■ Description of the task:
Output exactly, in the material below, the lines from the one with "Eine Familie entspannt" through the one with "クリエイターにとってのポートフォリオとは何か?作り方や制作サービスと共にご紹介". Omit all pictures.

■ Input:
_____

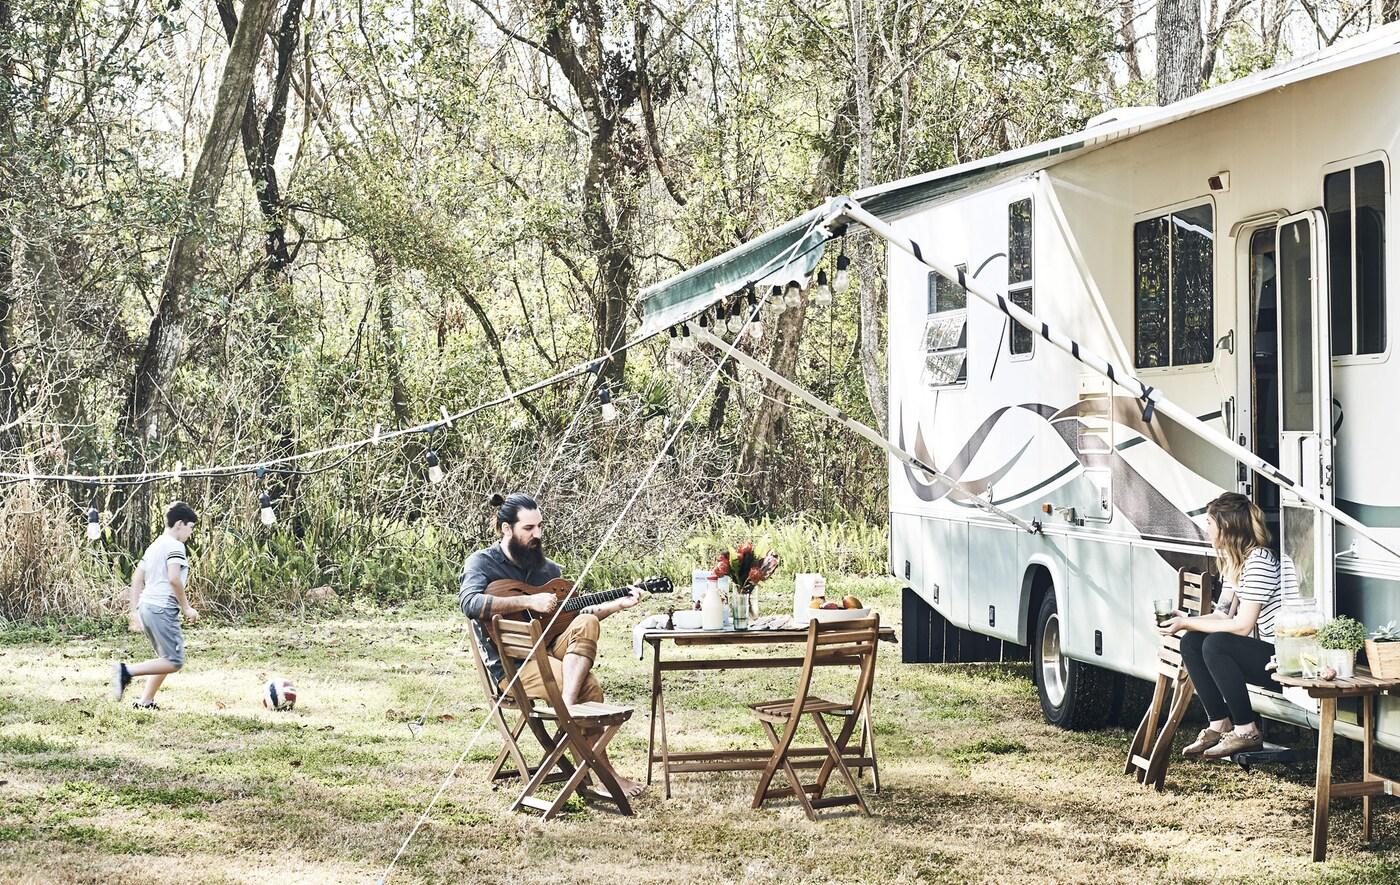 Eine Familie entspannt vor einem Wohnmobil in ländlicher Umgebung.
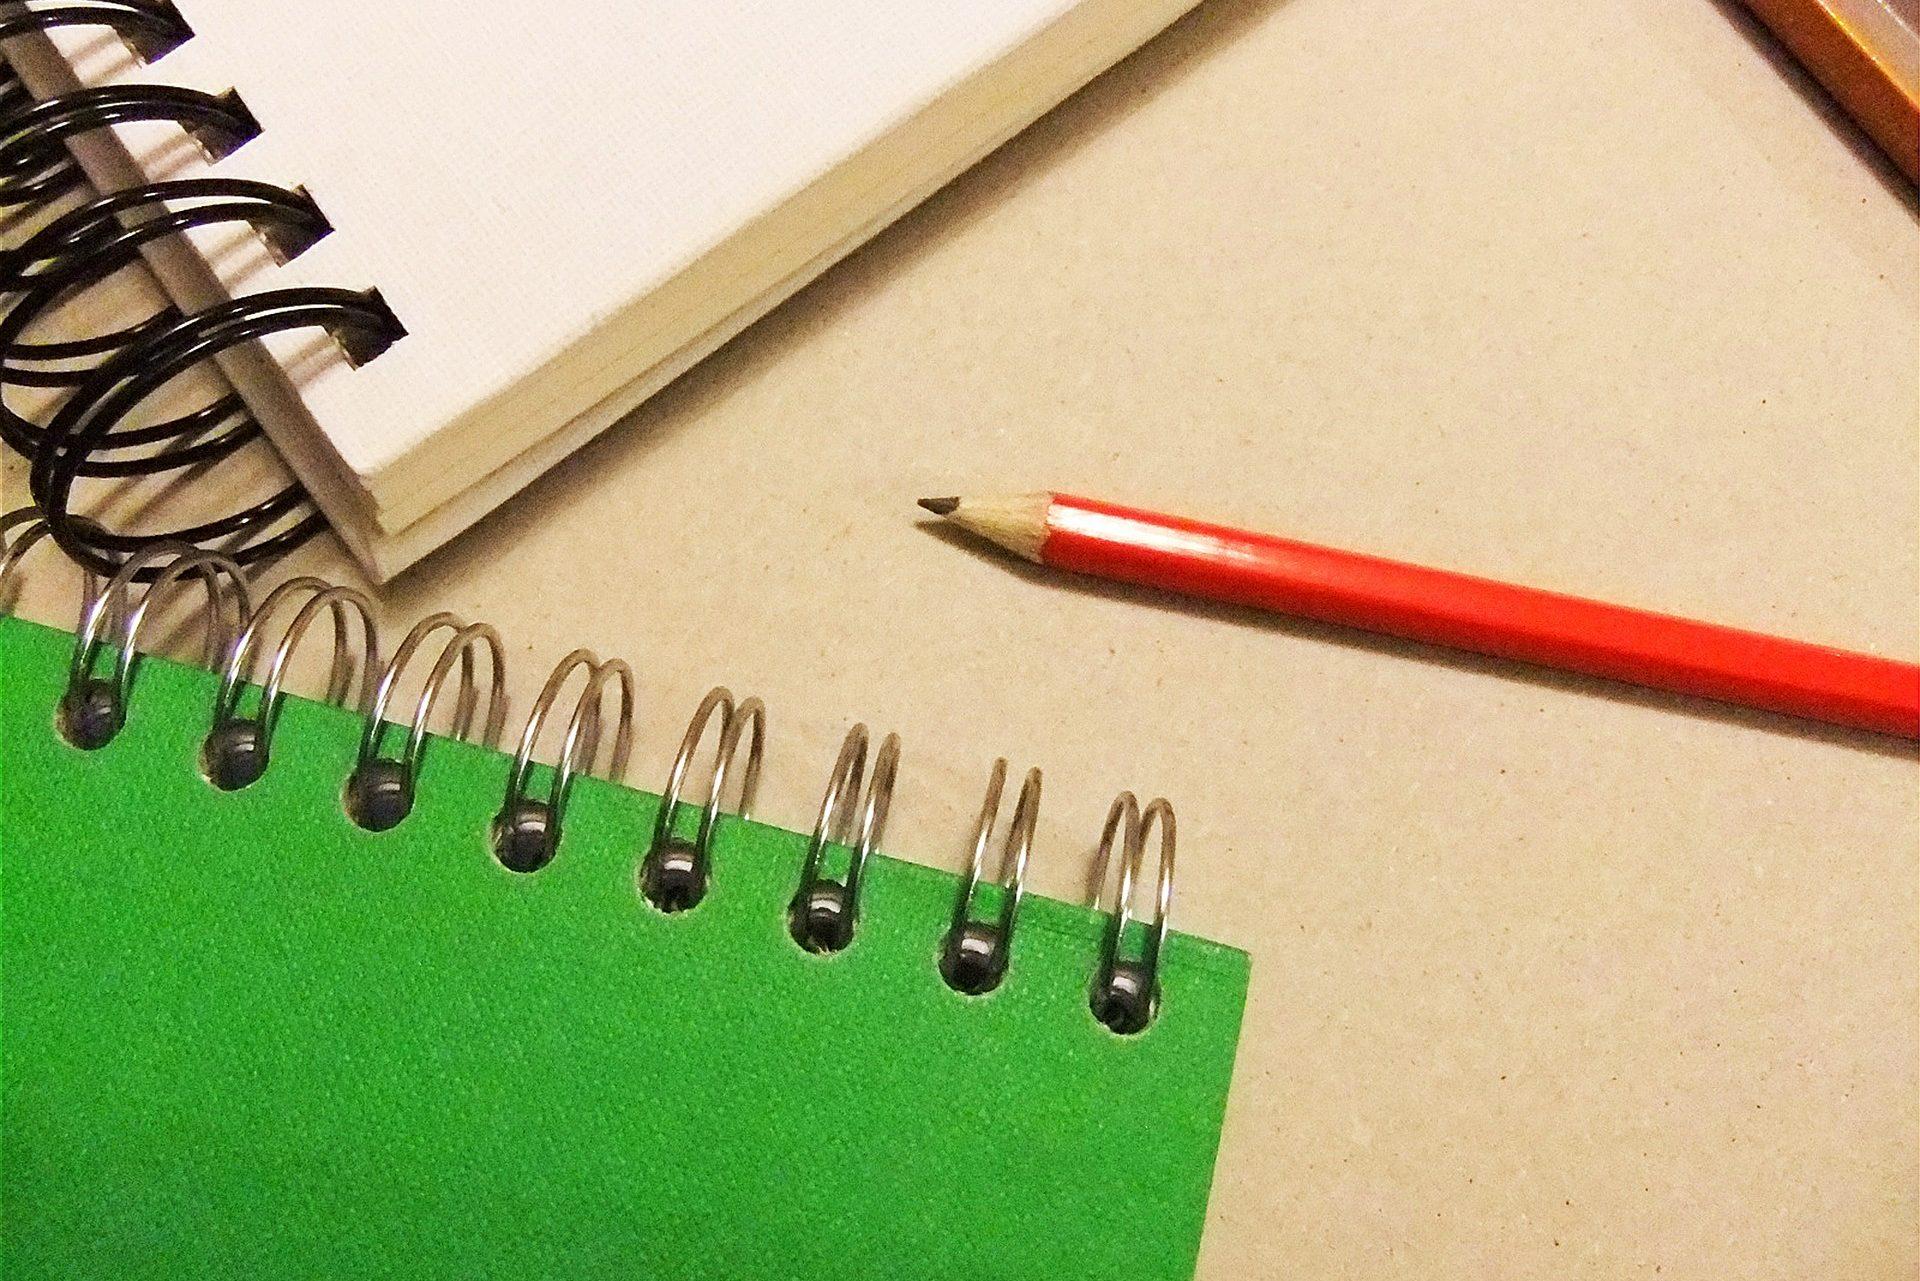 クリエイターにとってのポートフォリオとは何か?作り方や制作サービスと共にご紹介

_____

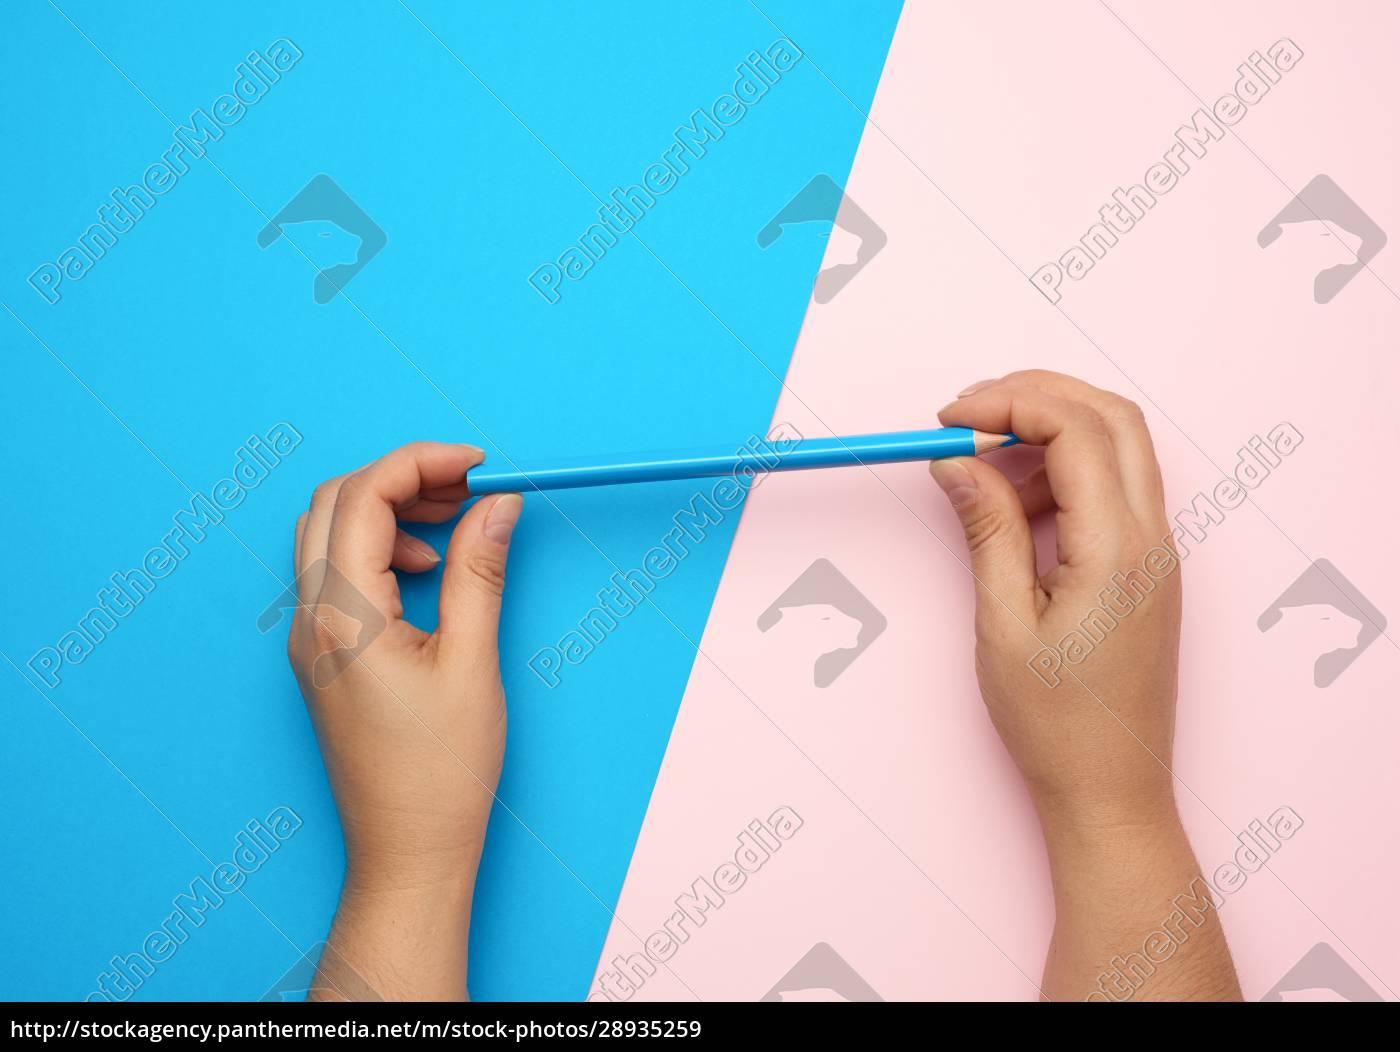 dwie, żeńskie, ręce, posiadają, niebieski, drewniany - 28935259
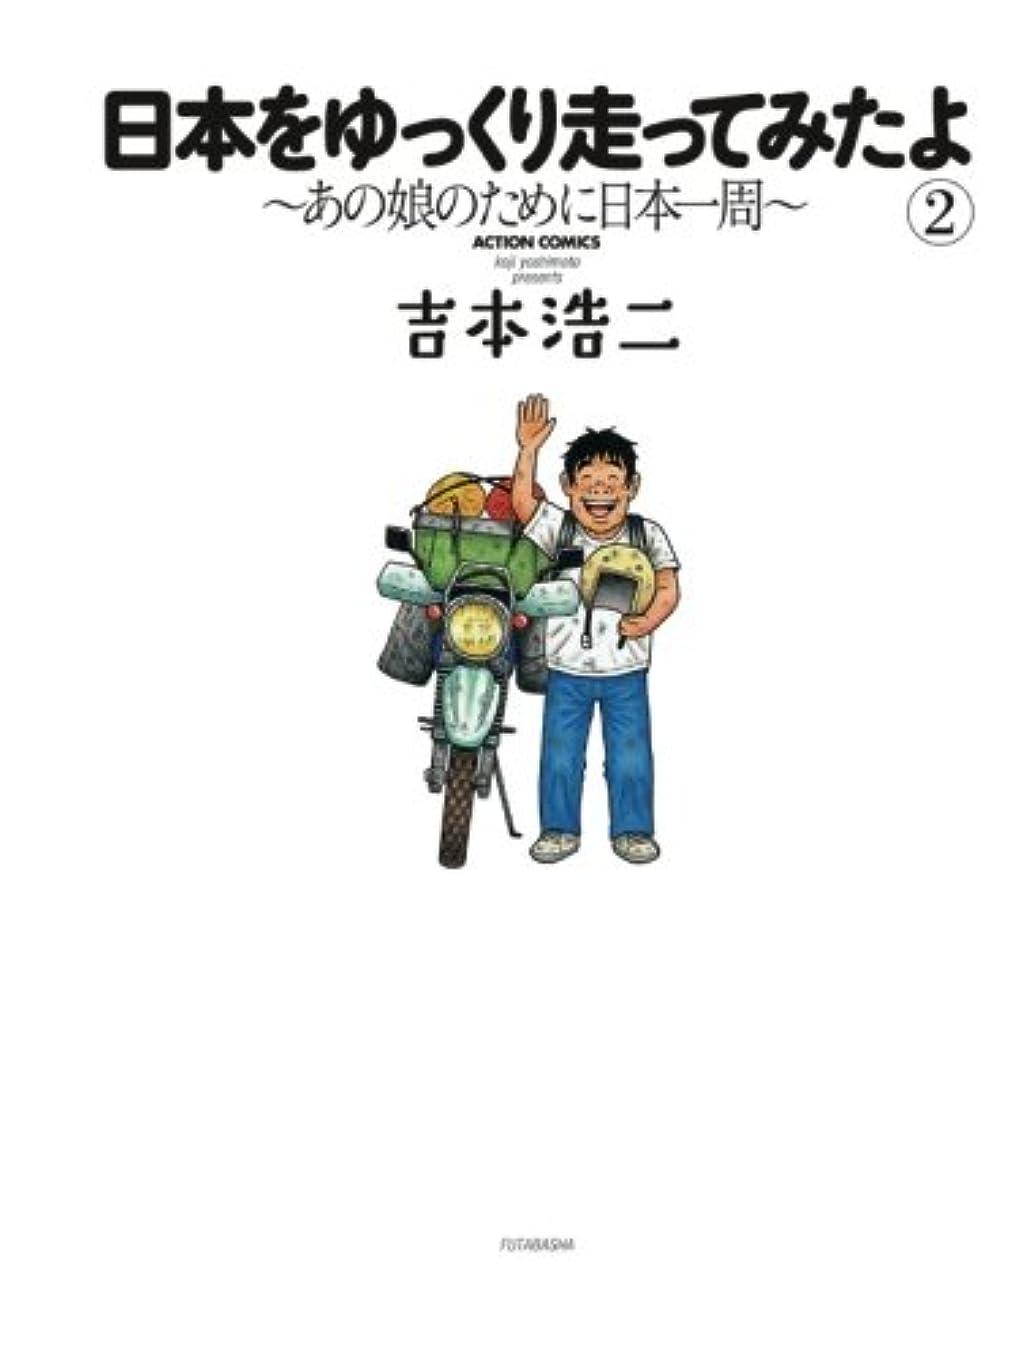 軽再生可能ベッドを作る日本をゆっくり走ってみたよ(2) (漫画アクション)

_____

■ Solution for this exercise:
 Eine Familie entspannt vor einem Wohnmobil in ländlicher Umgebung.
 クリエイターにとってのポートフォリオとは何か?作り方や制作サービスと共にご紹介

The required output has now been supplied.